After the usual formalities were completed, ‘I think, sir,’ said the policeman, ‘we had better start off with a few questions, just to get the general picture, so to speak.’ Young Mr Fitzhubert, with his shy charming smile and English good manners, was obviously the uncommunicative type. ‘Now then, when you saw the girls crossing the creek, did you recognize any of them?’
‘How could I? I have only been in Australia about three weeks and haven’t met any young girls.’
‘I see. Did you have any conversation with any of these girls – either before or after they crossed to the opposite bank?’
‘Certainly not! I’ve just told you, Constable, I didn’t even know any of them by sight.’ At which guileless reply the Constable permitted himself a dry grin, adding mentally, ‘Stone the crows! With that face and all that money?’ He asked, ‘How about Crundall? Did he speak to any of these girls?’
‘No. Only stared and whistled at them.’
‘What were your Uncle and Aunt doing while this was going on?’
‘As far as I can remember they were both dozing. We had champagne for lunch and I suppose it made them sleepy.’
‘What effect does champagne have on you?’ asked the policeman, pencil in air.
‘None as far as I know. I don’t drink much at any time and when I do it’s usually wine, you know, at home.’
‘Well then, you were perfectly clear in the head and sitting with a book under a tree when you saw them crossing the creek. Now suppose you go on from there.
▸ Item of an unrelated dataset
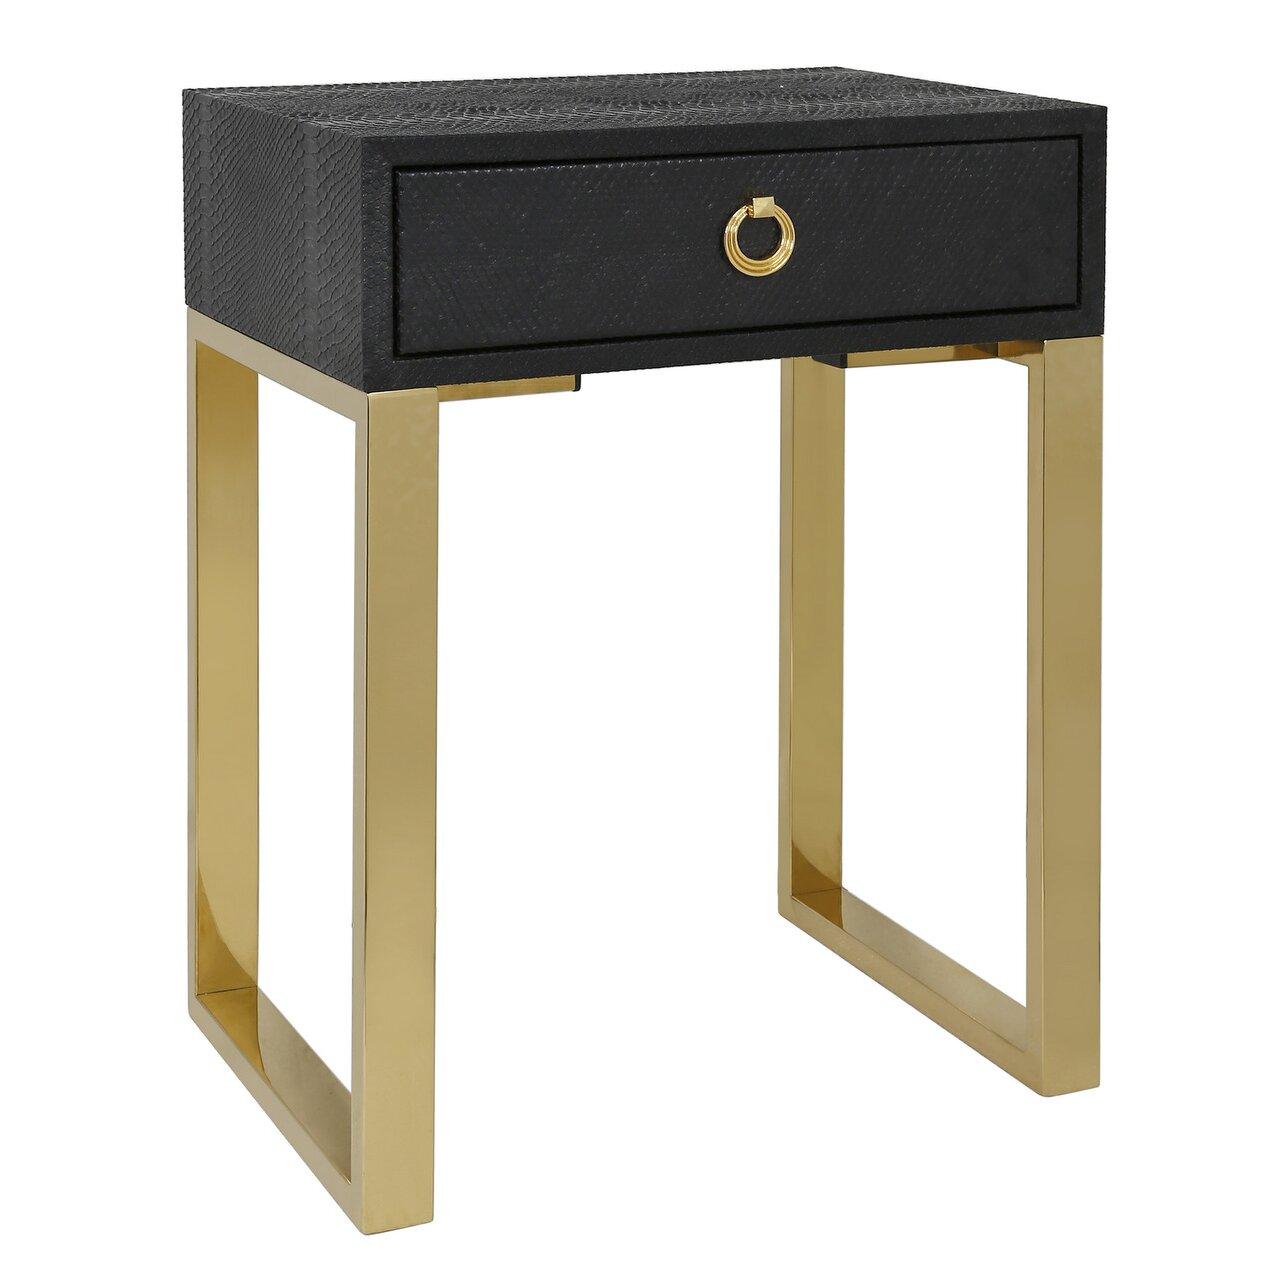 beistelltisch mit stauraum beistelltisch efate rund mit stauraum modernmoments beistelltisch. Black Bedroom Furniture Sets. Home Design Ideas

Just try and remember any little detail even if it seems unimportant now. You understand of course this is an entirely voluntary statement on your part?’
‘I watched them crossing the creek . . .’ He swallowed and went on again in an almost inaudible voice. ‘They all did it differently.’
‘Speak up, please. How do you mean differently? Ropes? Vaulting poles?’
‘Heavens no! I only meant some of them were more agile, you know – more graceful.’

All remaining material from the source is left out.